Is it possible to simply define a menu-item-to-command translator with a higher priority which would override the translator currently stealing the menu-item?
I think that this isn't necessary, and that my last patch is the Right Thing as well as actually working.
Cheers,
Christophe
On 1/3/07, Christophe Rhodes csr21@cantab.net wrote:
"Andy Hefner" ahefner@gmail.com writes:
Note that the menu-item presentation type is implied by the spec within the definition of draw-standard-menu (http://www.stud.uni-karlsruhe.de/~unk6/clim-spec/25.html#_1357).
Yeah, I discovered that. But actually my patch does this right -- because there is already a define-presentation-type menu-item in mcclim, it just got clobbered by the class definition.
Interesting, that is not the behavior I'd expect, but then I also never thought allowing CLOS classes to be considered presentation types was a good idea (but the spec seems to disagree).
Is it possible to simply define a menu-item-to-command translator with a higher priority which would override the translator currently stealing the menu-item?
I think that this isn't necessary, and that my last patch is the Right Thing as well as actually working.
By virtue of simplicity, your patch wins. However, I wonder if defining such a translator means that we can rip out the toplevel magic about creating an input-context for menu items. Along those same lines, maybe we ought to just present them as commands, so they are directly applicable. It doesn't seem useful presenting anything as a menu item (unless you are writing an editor for menus), except perhaps as a way to control the highlighting style, and in that case it wouldn't be the innermost presentation anyway.
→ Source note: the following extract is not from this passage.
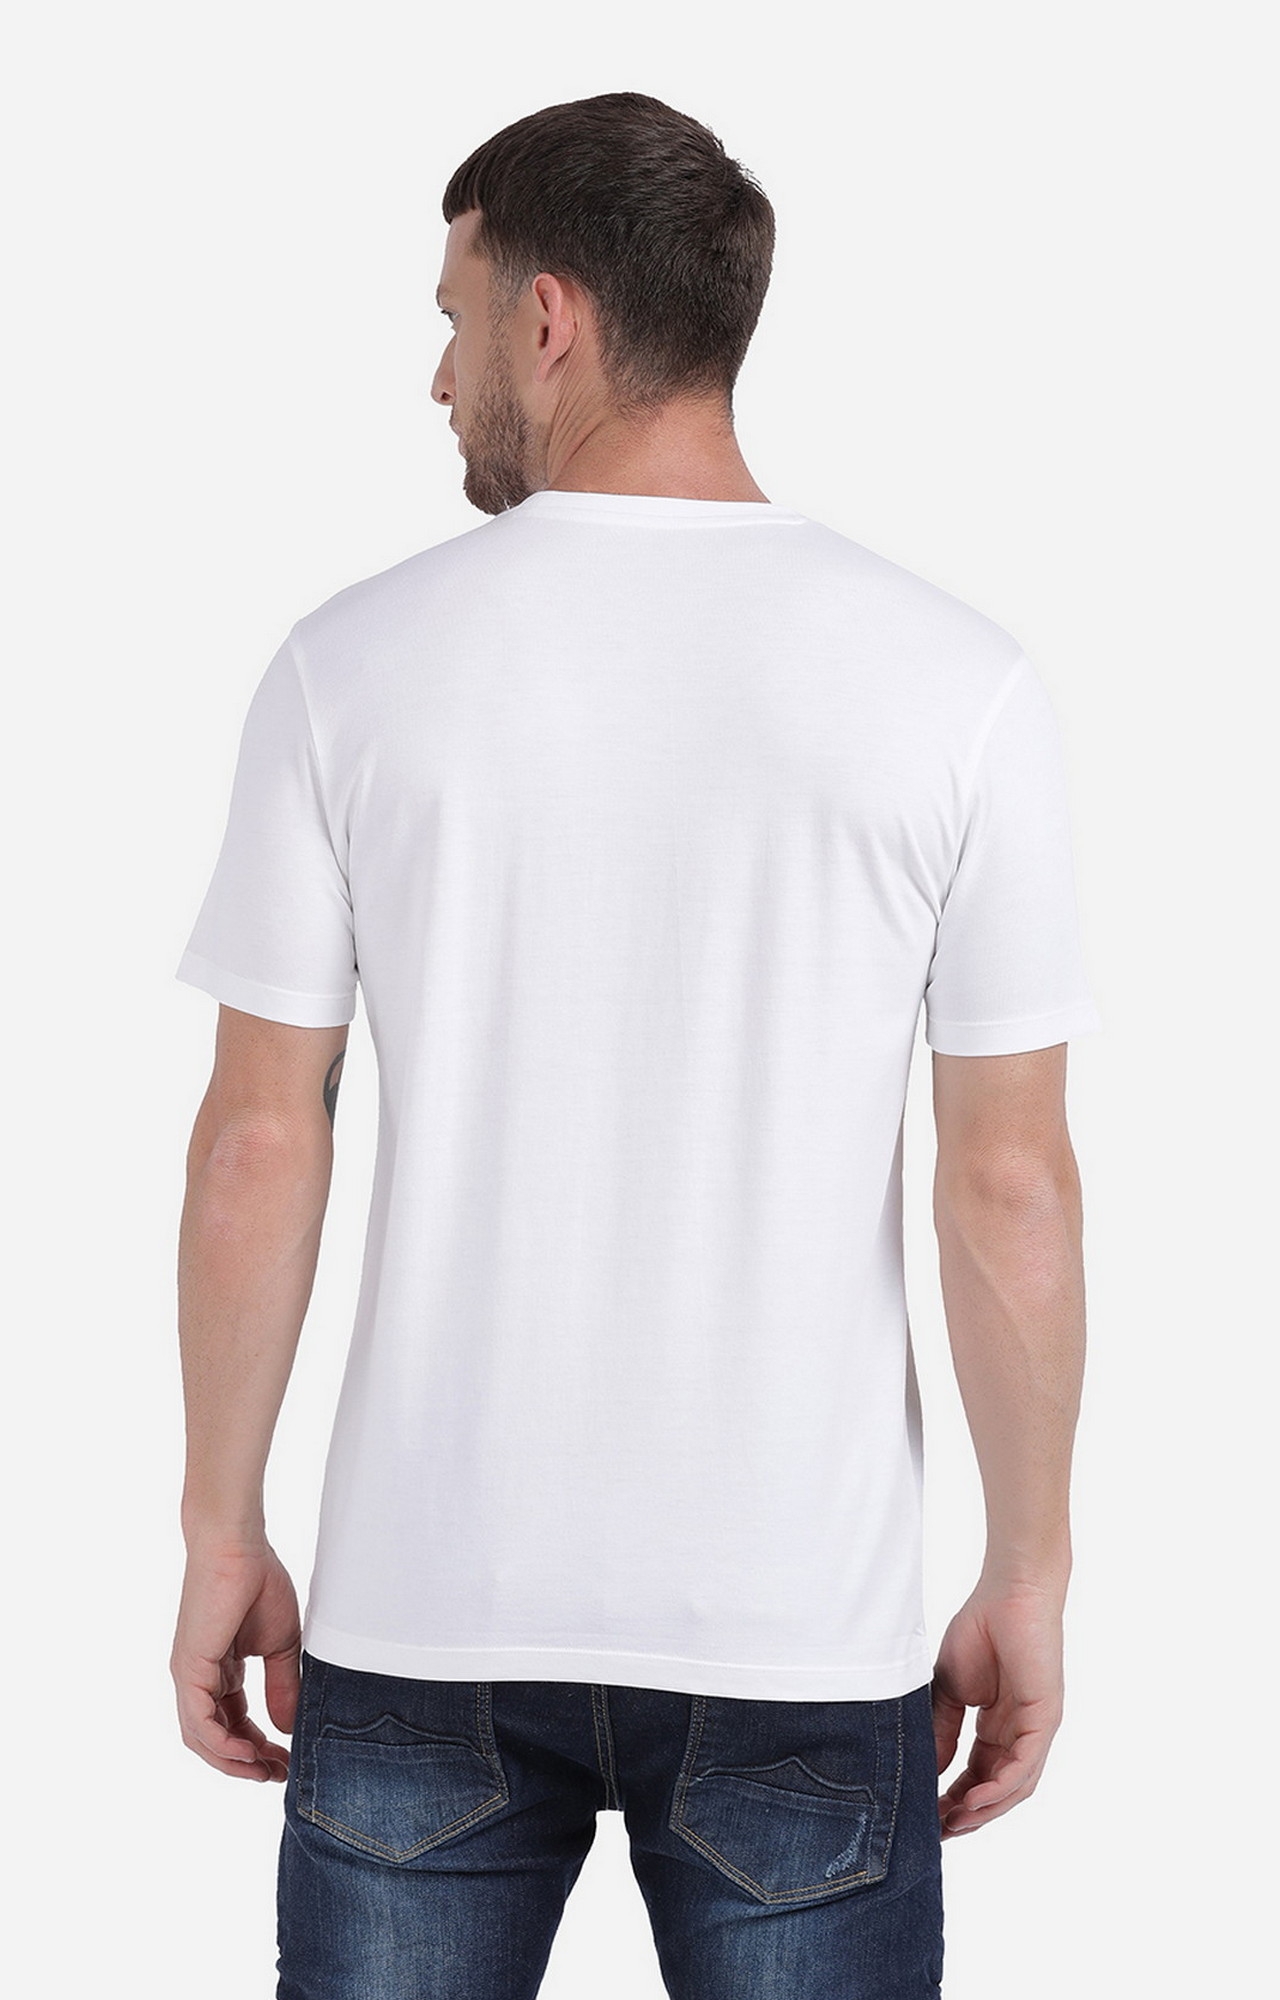 883 Police | Men's White Cotton Typographic Printed T-Shirt 5

Anyway, your patch sounds good to me.
"Andy Hefner" ahefner@gmail.com writes:
Is it possible to simply define a menu-item-to-command translator with a higher priority which would override the translator currently stealing the menu-item?
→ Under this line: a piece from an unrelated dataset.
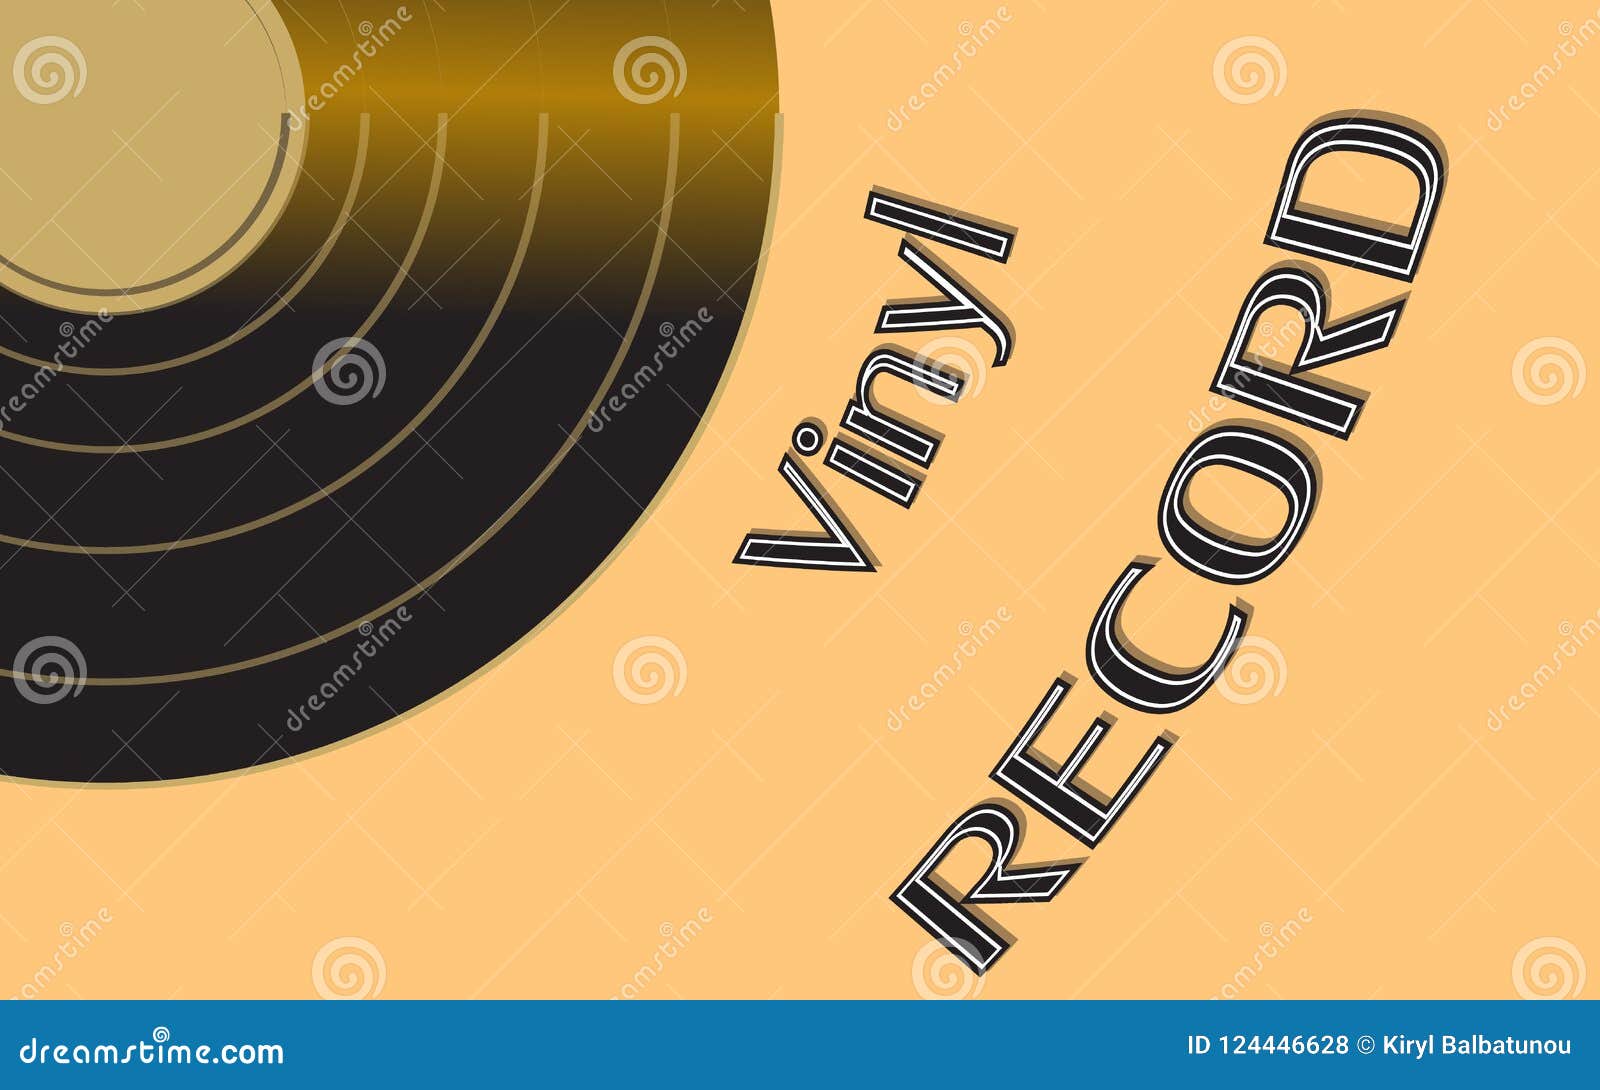 soundobject records

I think that this isn't necessary, and that my last patch is the Right Thing as well as actually working.
By virtue of simplicity, your patch wins.
Okay, I've committed it.
However, I wonder if defining such a translator means that we can rip out the toplevel magic about creating an input-context for menu items. Along those same lines, maybe we ought to just present them as commands, so they are directly applicable. It doesn't seem useful presenting anything as a menu item (unless you are writing an editor for menus), except perhaps as a way to control the highlighting style, and in that case it wouldn't be the innermost presentation anyway.
I think that menu-items by default should probably not translate to commands. Why? Because I think that it's legitimate for an application to do (accept 'command) when not planning to run it immediately (maybe to batch it up, to send to a remote process, or something); under those circumstances, I would expect selecting something from the application's menu bar not to fulfil this accept but instead to run its own command directly.
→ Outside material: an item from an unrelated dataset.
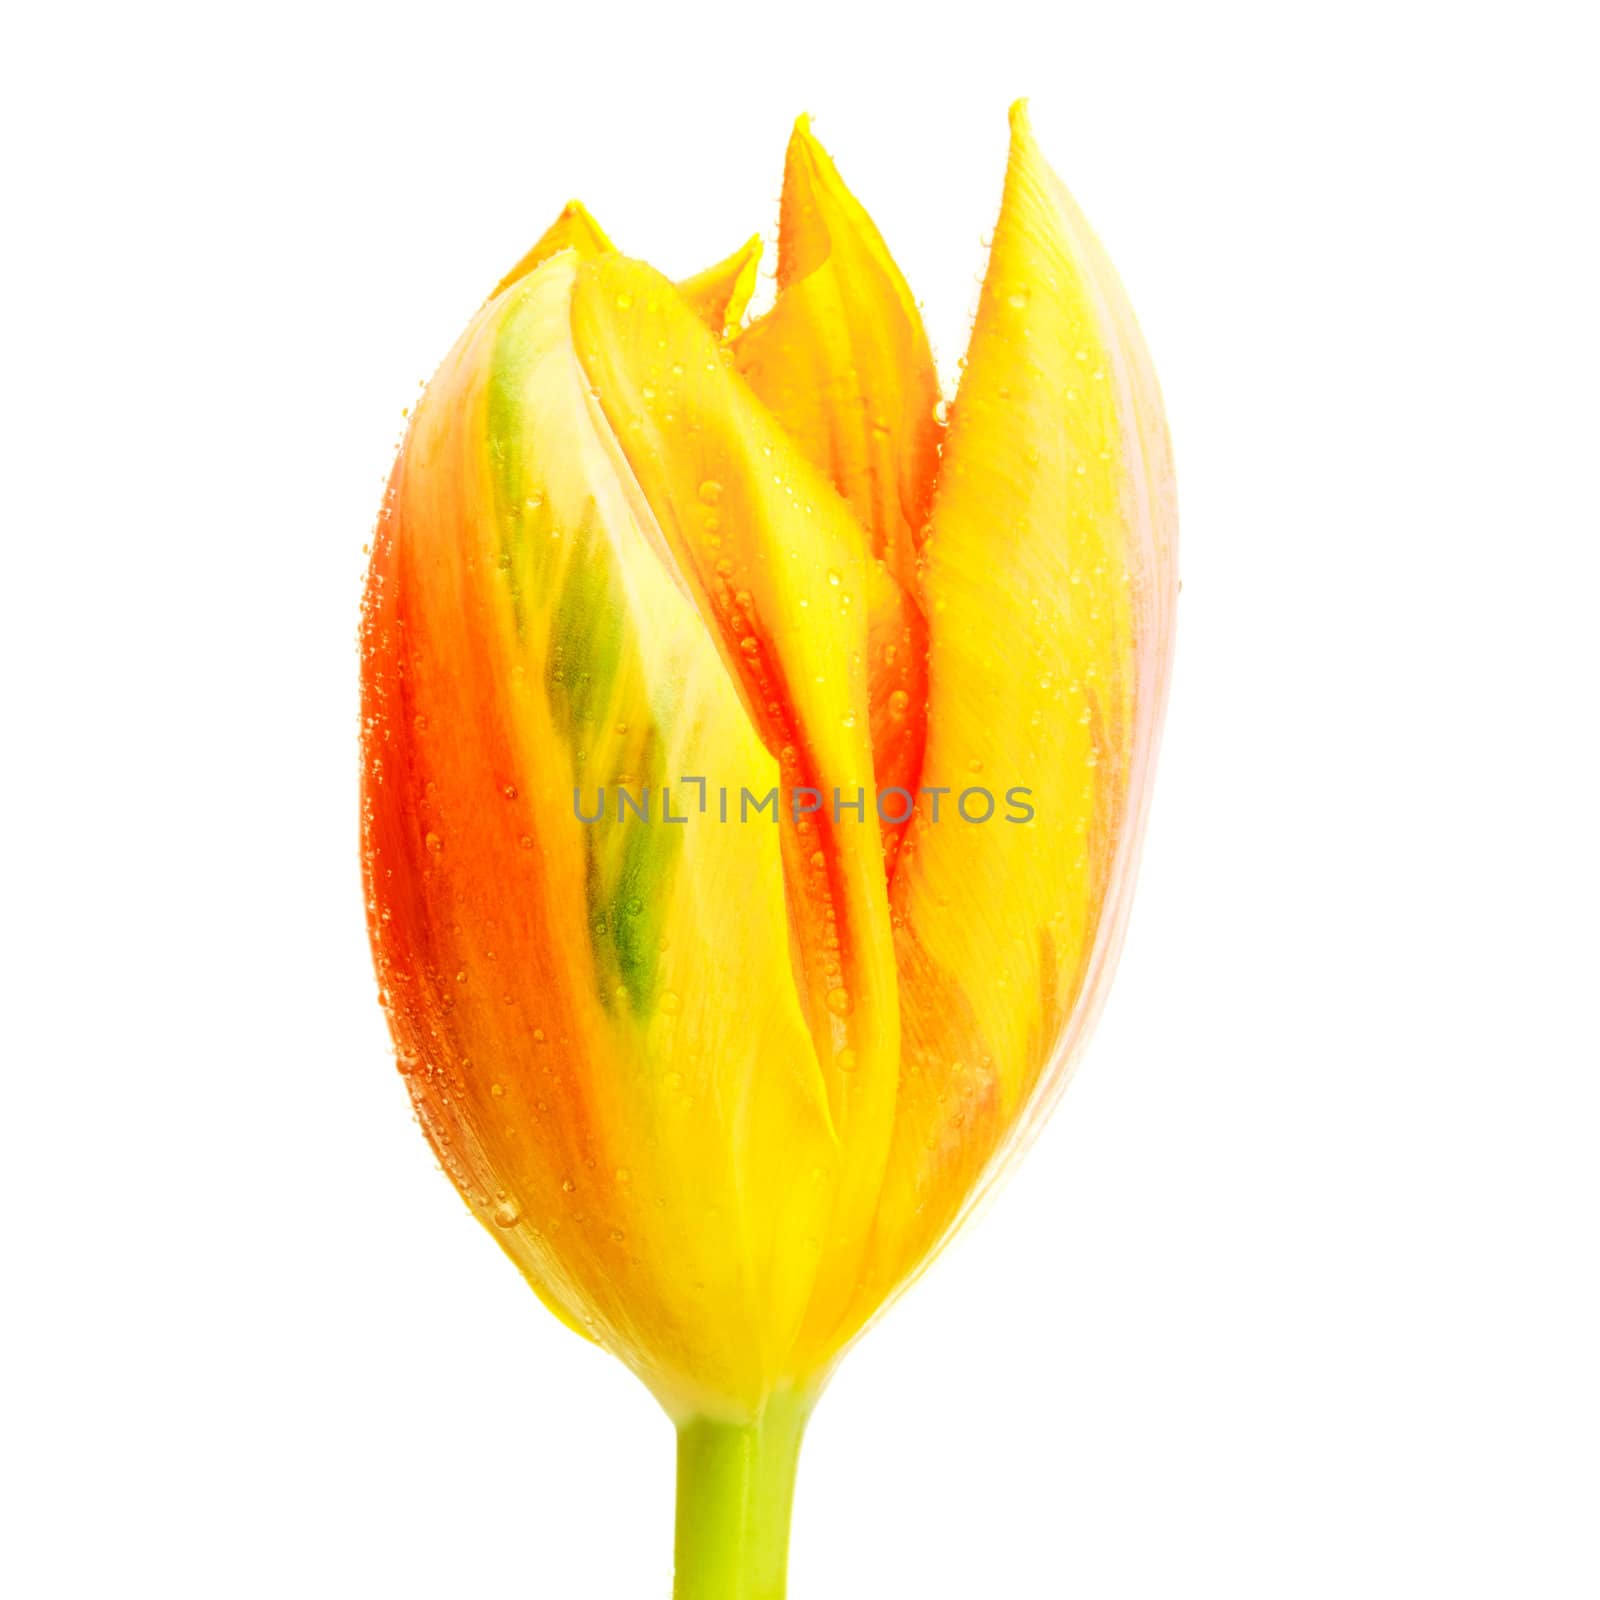 Yellow Tulip by petr_malyshev

It might make sense for individual applications to specify that they would prefer their menu items to be presented as commands; I don't know whether the CLIM spec documents any way of achieving that.
Cheers,
Christophe
To: "Andy Hefner" ahefner@gmail.com Date: Thu, 04 Jan 2007 09:19:04 +0000 From: Christophe Rhodes
I think that menu-items by default should probably not translate to commands. Why? Because I think that it's legitimate for an application to do (accept 'command) when not planning to run it immediately (maybe to batch it up, to send to a remote process, or something); under those circumstances, I would expect selecting something from the application's menu bar not to fulfil this accept but instead to run its own command directly.
I disagree. A menu is nothing more than a way of grouping and presenting a bunch of commands, no different than an button box. In your example, if the command I wanted to accept was "Save", picking it off the "File" menu seems like the way to do it.